▸ **ENTRIES SUPPLIED**
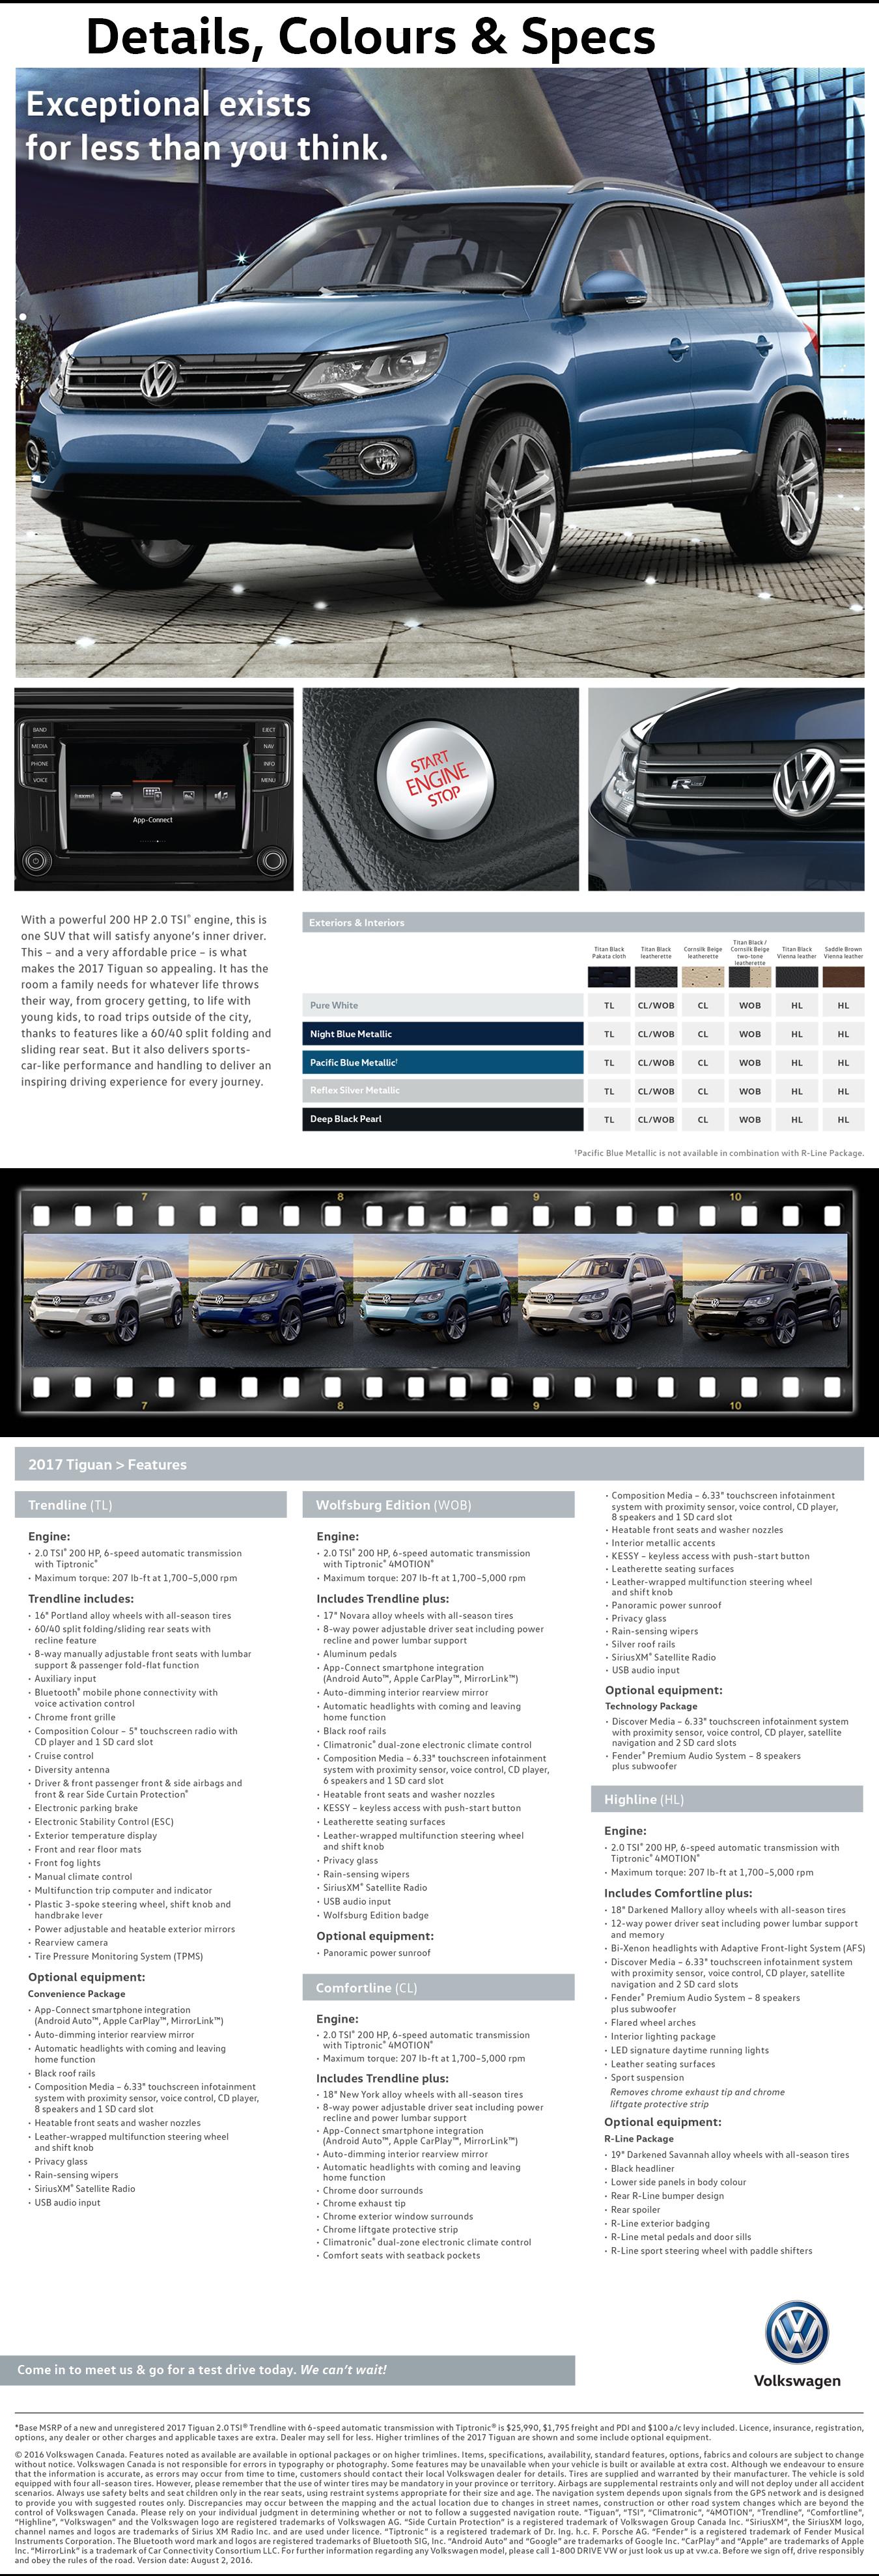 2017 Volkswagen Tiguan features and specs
--
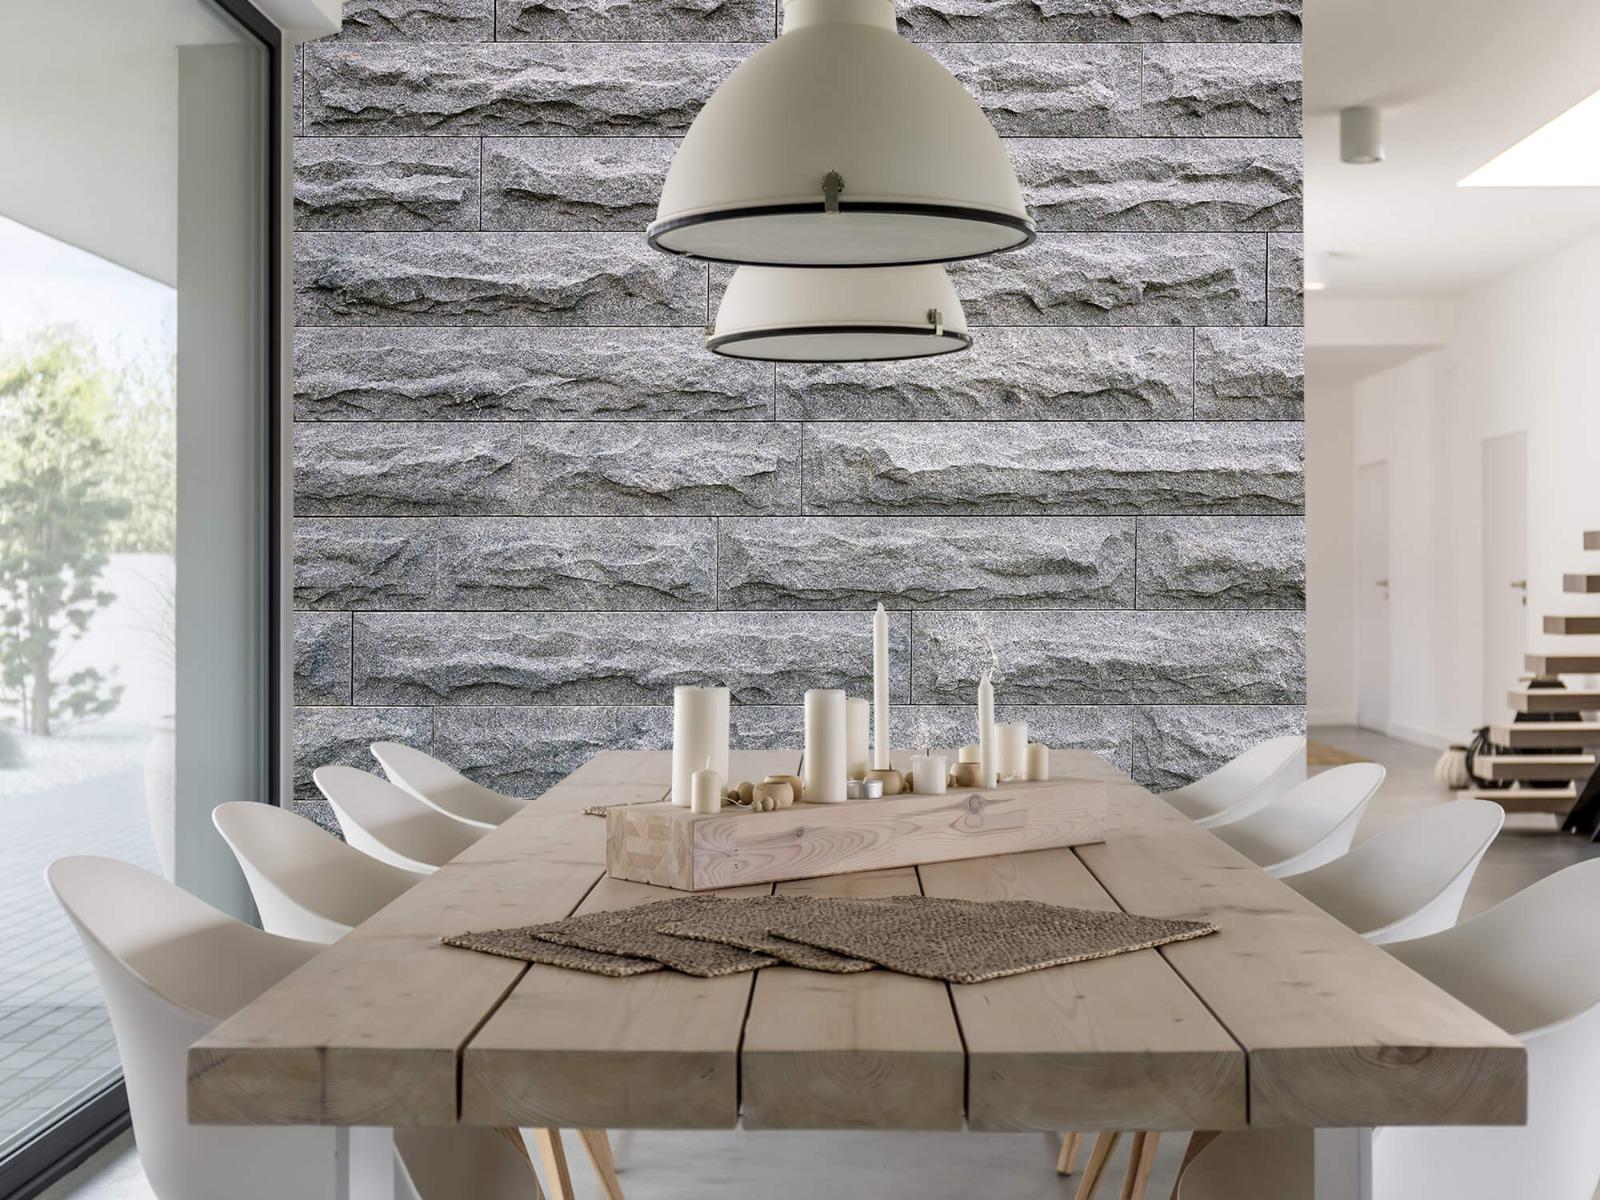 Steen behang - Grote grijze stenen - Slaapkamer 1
---
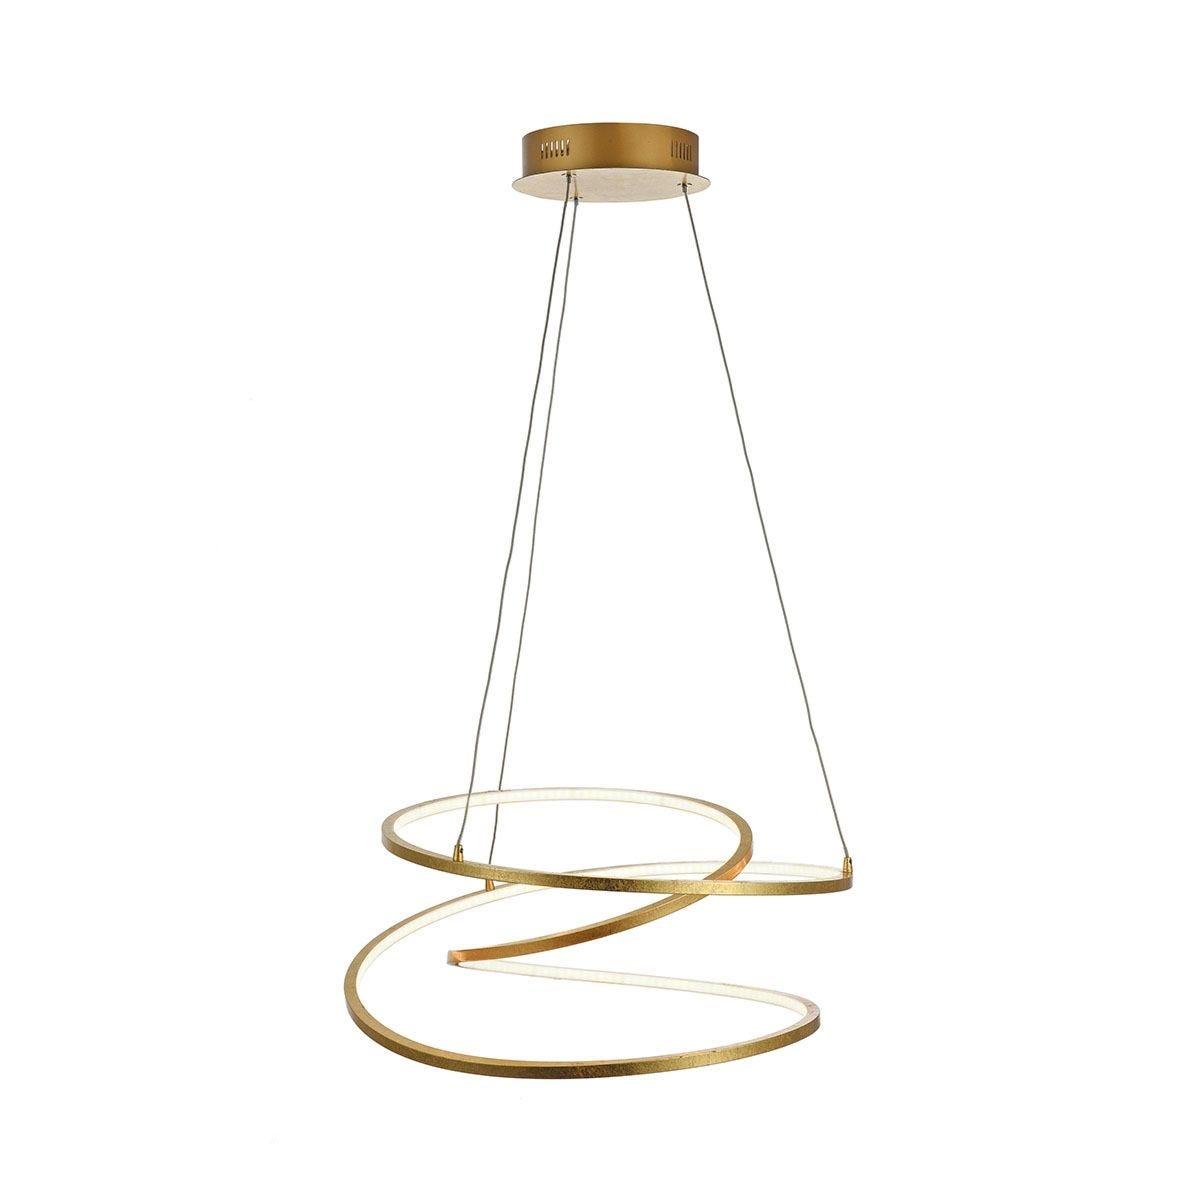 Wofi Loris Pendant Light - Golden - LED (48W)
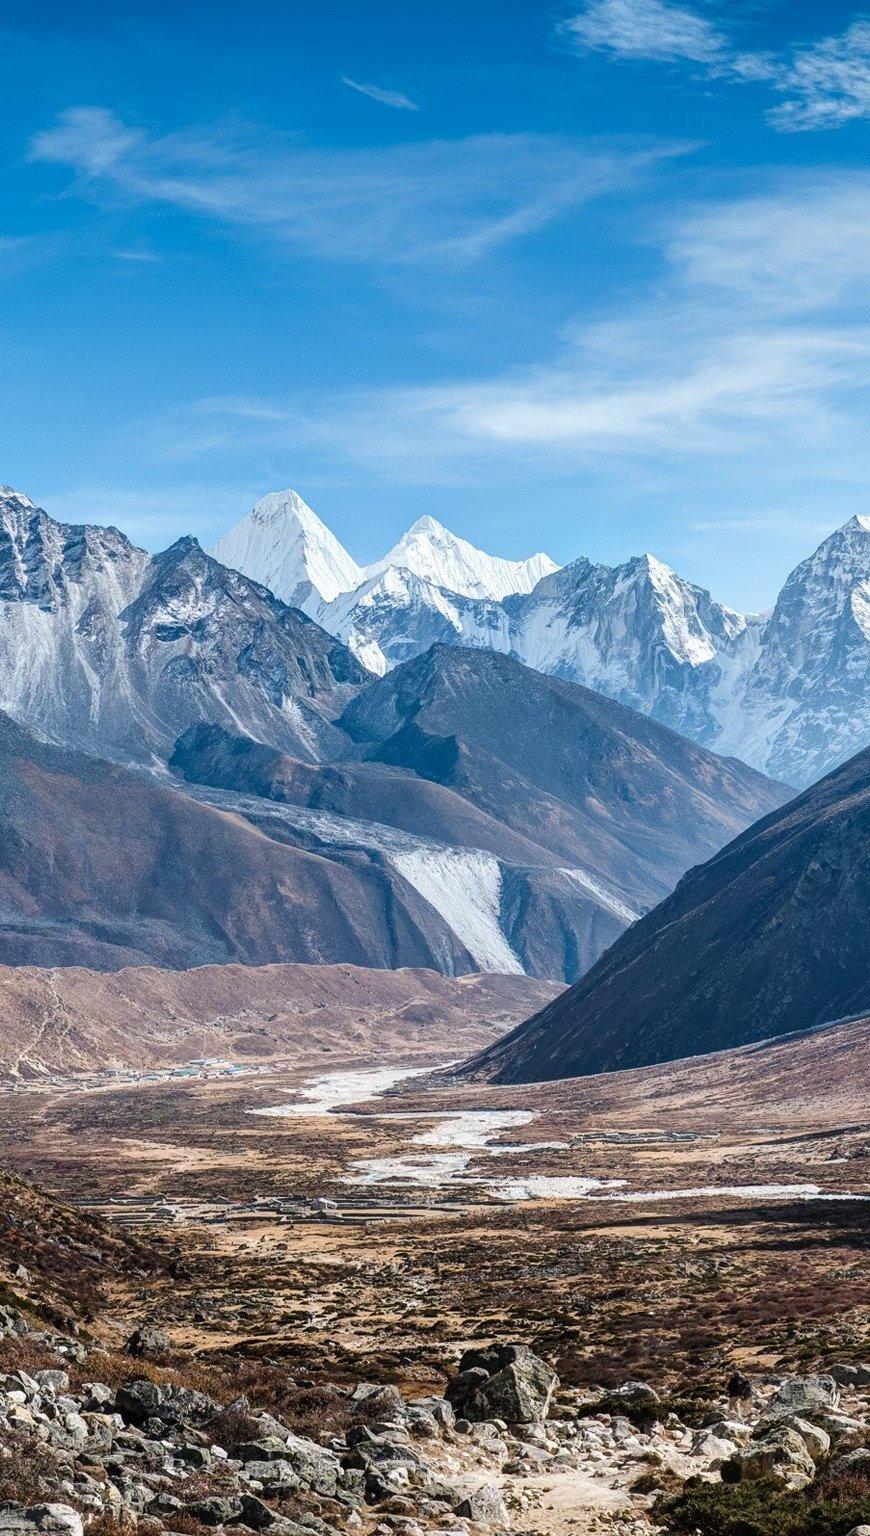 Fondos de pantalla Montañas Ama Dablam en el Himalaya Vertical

▸ **WHAT IS EXPECTED**
Print nothing but the lines above starting with the line that contains "Wofi Loris Pendant" and going on through the line that contains "Fondos de pantalla". Leave out the pictures.

▸ **RESULT OF THE TASK**
 Wofi Loris Pendant Light - Golden - LED (48W)
 Fondos de pantalla Montañas Ama Dablam en el Himalaya Vertical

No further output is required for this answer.